What needs to be done: Within the material below, transcribe exactly the lines from the one holding "Estes são os" through the one holding "A woman having", keeping both ends and skipping the rest.

Record extracts:
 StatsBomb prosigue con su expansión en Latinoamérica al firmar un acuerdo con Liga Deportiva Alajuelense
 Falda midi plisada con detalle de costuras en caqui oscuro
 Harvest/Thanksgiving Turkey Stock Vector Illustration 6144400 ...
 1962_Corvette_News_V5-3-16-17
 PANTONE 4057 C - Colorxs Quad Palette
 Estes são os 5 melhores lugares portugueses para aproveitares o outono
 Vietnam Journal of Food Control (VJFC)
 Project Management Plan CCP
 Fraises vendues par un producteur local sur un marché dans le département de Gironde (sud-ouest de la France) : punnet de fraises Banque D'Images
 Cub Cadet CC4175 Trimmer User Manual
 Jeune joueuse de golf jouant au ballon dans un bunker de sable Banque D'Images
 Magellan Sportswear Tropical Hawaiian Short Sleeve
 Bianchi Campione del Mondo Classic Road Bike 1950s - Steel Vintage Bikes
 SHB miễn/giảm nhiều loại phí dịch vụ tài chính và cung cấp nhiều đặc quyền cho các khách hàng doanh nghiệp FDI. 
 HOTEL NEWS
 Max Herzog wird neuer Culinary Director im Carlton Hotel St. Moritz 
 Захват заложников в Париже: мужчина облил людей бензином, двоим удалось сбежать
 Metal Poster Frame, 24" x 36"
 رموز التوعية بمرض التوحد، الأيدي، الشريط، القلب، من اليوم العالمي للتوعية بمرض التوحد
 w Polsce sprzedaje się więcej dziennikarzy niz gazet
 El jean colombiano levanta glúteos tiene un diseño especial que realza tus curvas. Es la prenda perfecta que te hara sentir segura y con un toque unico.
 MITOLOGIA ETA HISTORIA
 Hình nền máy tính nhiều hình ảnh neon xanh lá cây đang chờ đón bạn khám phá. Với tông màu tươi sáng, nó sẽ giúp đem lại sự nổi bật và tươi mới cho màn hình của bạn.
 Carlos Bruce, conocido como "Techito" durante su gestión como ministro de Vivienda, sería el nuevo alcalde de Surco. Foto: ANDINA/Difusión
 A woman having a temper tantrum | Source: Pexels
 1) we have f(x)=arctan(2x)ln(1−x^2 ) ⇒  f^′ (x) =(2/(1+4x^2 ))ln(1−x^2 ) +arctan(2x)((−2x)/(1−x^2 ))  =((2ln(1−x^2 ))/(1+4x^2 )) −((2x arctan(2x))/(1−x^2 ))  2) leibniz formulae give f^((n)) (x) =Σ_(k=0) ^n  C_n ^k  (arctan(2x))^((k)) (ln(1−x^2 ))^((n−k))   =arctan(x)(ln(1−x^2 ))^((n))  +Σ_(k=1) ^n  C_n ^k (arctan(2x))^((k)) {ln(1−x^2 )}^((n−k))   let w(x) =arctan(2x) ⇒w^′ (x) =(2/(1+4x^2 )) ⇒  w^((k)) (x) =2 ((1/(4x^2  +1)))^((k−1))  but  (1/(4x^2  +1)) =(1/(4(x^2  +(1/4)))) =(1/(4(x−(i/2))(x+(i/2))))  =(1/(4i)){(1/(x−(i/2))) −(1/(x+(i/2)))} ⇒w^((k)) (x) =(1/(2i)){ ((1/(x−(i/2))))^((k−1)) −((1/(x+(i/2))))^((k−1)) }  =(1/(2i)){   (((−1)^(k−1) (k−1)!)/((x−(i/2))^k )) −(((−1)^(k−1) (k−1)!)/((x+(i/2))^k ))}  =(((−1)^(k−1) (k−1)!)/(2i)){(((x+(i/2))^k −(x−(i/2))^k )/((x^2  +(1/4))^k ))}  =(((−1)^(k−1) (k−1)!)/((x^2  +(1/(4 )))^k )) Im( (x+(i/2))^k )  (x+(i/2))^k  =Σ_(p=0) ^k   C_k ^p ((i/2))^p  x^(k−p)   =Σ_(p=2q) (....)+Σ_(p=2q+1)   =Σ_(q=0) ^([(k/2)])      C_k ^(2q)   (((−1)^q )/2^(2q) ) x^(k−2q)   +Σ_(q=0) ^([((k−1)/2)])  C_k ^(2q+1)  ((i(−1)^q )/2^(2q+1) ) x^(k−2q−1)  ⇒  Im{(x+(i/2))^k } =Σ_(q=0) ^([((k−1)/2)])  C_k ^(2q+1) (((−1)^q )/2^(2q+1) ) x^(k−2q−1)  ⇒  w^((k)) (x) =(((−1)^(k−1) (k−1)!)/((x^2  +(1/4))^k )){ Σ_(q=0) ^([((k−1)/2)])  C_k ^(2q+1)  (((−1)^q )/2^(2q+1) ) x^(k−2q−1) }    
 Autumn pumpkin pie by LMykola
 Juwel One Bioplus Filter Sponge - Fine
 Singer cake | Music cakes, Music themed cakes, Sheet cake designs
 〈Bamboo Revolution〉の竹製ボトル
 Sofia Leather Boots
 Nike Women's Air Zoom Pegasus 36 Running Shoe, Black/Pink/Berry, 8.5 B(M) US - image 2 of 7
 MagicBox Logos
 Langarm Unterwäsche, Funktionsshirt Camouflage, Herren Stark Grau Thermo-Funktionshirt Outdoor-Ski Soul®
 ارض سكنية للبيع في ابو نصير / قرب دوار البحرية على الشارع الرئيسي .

Task result:
 Estes são os 5 melhores lugares portugueses para aproveitares o outono
 Vietnam Journal of Food Control (VJFC)
 Project Management Plan CCP
 Fraises vendues par un producteur local sur un marché dans le département de Gironde (sud-ouest de la France) : punnet de fraises Banque D'Images
 Cub Cadet CC4175 Trimmer User Manual
 Jeune joueuse de golf jouant au ballon dans un bunker de sable Banque D'Images
 Magellan Sportswear Tropical Hawaiian Short Sleeve
 Bianchi Campione del Mondo Classic Road Bike 1950s - Steel Vintage Bikes
 SHB miễn/giảm nhiều loại phí dịch vụ tài chính và cung cấp nhiều đặc quyền cho các khách hàng doanh nghiệp FDI. 
 HOTEL NEWS
 Max Herzog wird neuer Culinary Director im Carlton Hotel St. Moritz 
 Захват заложников в Париже: мужчина облил людей бензином, двоим удалось сбежать
 Metal Poster Frame, 24" x 36"
 رموز التوعية بمرض التوحد، الأيدي، الشريط، القلب، من اليوم العالمي للتوعية بمرض التوحد
 w Polsce sprzedaje się więcej dziennikarzy niz gazet
 El jean colombiano levanta glúteos tiene un diseño especial que realza tus curvas. Es la prenda perfecta que te hara sentir segura y con un toque unico.
 MITOLOGIA ETA HISTORIA
 Hình nền máy tính nhiều hình ảnh neon xanh lá cây đang chờ đón bạn khám phá. Với tông màu tươi sáng, nó sẽ giúp đem lại sự nổi bật và tươi mới cho màn hình của bạn.
 Carlos Bruce, conocido como "Techito" durante su gestión como ministro de Vivienda, sería el nuevo alcalde de Surco. Foto: ANDINA/Difusión
 A woman having a temper tantrum | Source: Pexels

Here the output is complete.